Мужики виновато покашливали. Фельдшер продолжал:

— Мне, к примеру, с вами вовсе нечего делать, как я имею специальность по нервным и психическим. Какея могут быть у него нервы, — ткнул фельдшер пальцем в Кузьму Андреевича, — Дярёвня у него, а чтоб о нервах, он даже не понимает. Или возьмем слово самое: «пси-хи-ат-рия». Кто здесь эдакое слово может понять? Дикость!

— А какое же в нем понятие, в этом слове? — любопытствовали мужики.

— Да вам что объяснять, — презрительно отвечал фельдшер. — Латинского вы все равно не учили...

Так и не узнали мужики, что значит мудреное слово «психиатрия».

Хотя фельдшер получал в районе жалованье, но даром никого не лечил. Брал он много дороже Кирилла; амбулатория пустовала. Мужики ходили туда исключительно за справками о невыходе на работу по болезни — иначе председатель не верил. Фельдшер выдавал справки очень охотно, потому что был почитателем собственного почерка и радовался всякому случаю лишний раз подписаться. Он долго раскачивал кисть руки, примерялся справа и слева, наконец с размаху бросал перо на бумагу и выводил длинный завулон. Развлекаясь, он исчертил своей подписью всю «книгу учета больных».

По штату в амбулатории полагалась уборщица. Гаврила Степанович предложил эту должность Устинье с условием, что колхозной работы она не бросит.

Устинья была вдова; муж ее утонул три года тому назад; она честно вдовствовала, никого не подпуская к себе. Многие вздыхали по ней. Она и в самом деле была хороша: вся крупная и по-тяжелому красивая, на переносице сходились широкие сердитые брови; красная повязка обрезала гладко зачесанные синие волосы. Устинья всегда повязывалась красным, обозначая этим свое колхозное положение.

— Так, — значительно сказал фельдшер, в мутных его глазах блеснул хищный огонек. — Подойди как поближе, дярёвня.

Через пять минут мужики, сидевшие на крыльце правления, услышали доносившийся из амбулатории неясный топот и крики. Вдруг с треском, сразу на обе рамы, лопнуло окно.

— Караул! — тонко закричала Устинья и выскочила на улицу.

В ту же секунду в окне показалась потная и красная физиономия фельдшера. Он ловко на лету поймал Устинью за юбку и пытался втащить обратно. Она перебирала ногами на одном месте, думая, наверное, что бежит.
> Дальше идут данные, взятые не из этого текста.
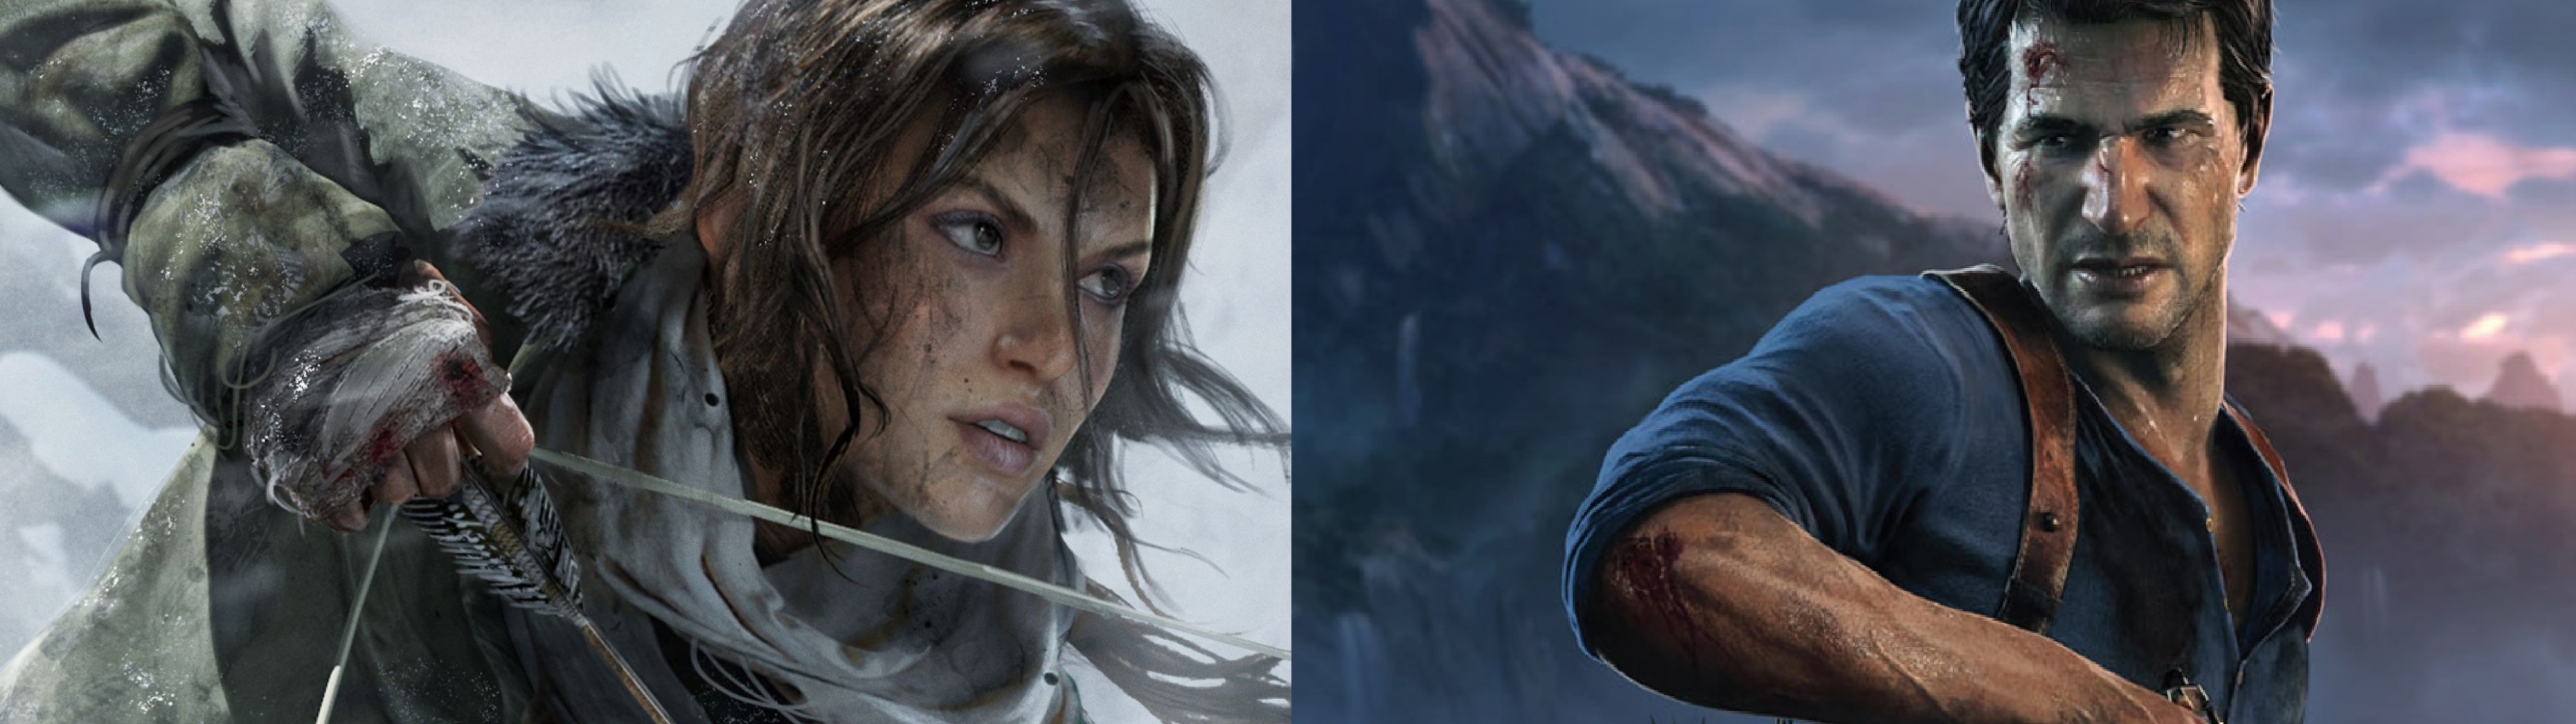 Niezbadany Łupieżca Grobowców - Uncharted vs. Tomb Raider

В глазах мужиков с утомительной быстротой мелькали ее оранжевые чулки.

Шея председателя багровела. За медной небритой щекой перекатывался крупный, как грецкий орех, желвак.

— Пусти! — закричал председатель так страшно, что Кузьма Андреевич вздрогнул, а Устинья оборвала свой воображаемый бег. Председатель встал и, проламывая чугунными сапогами землю, подошел к окну.

Кузьма Андреевич подумал, что сейчас он ударит фельдшера.

— Ты, — сказал председатель, укладывая на подоконник свой булыжный кулак. — Ты моих колхозниц не трожь!

Он медленно закрывал раму, точно отгораживая фельдшера от колхоза стеклом.

Устинья срамила фельдшера последними словами.

— Уйди! — приказал председатель.

Она ушла, поминутно оглядываясь. Синие волосы липли к ее потной щеке.

После продолжительного молчания Кузьма Андреевич сказал:

— Все говорит фельдшер-то: «дикость», «дикость». А от его же самого и происходит дикость!

Деревенская улица упиралась в лес; через сквозистые вершины сосен, через их чешуйчатые стволы широкими пыльными полосами дышало солнце и зажигало стекла в хрулинском доме.

— Елемент! — сказал наконец председатель. — Его бы за это в газете предать позору. А тронь его, попробуй. Уедет — и останемся мы без амбулатории. Прощай наша культурная жизнь!..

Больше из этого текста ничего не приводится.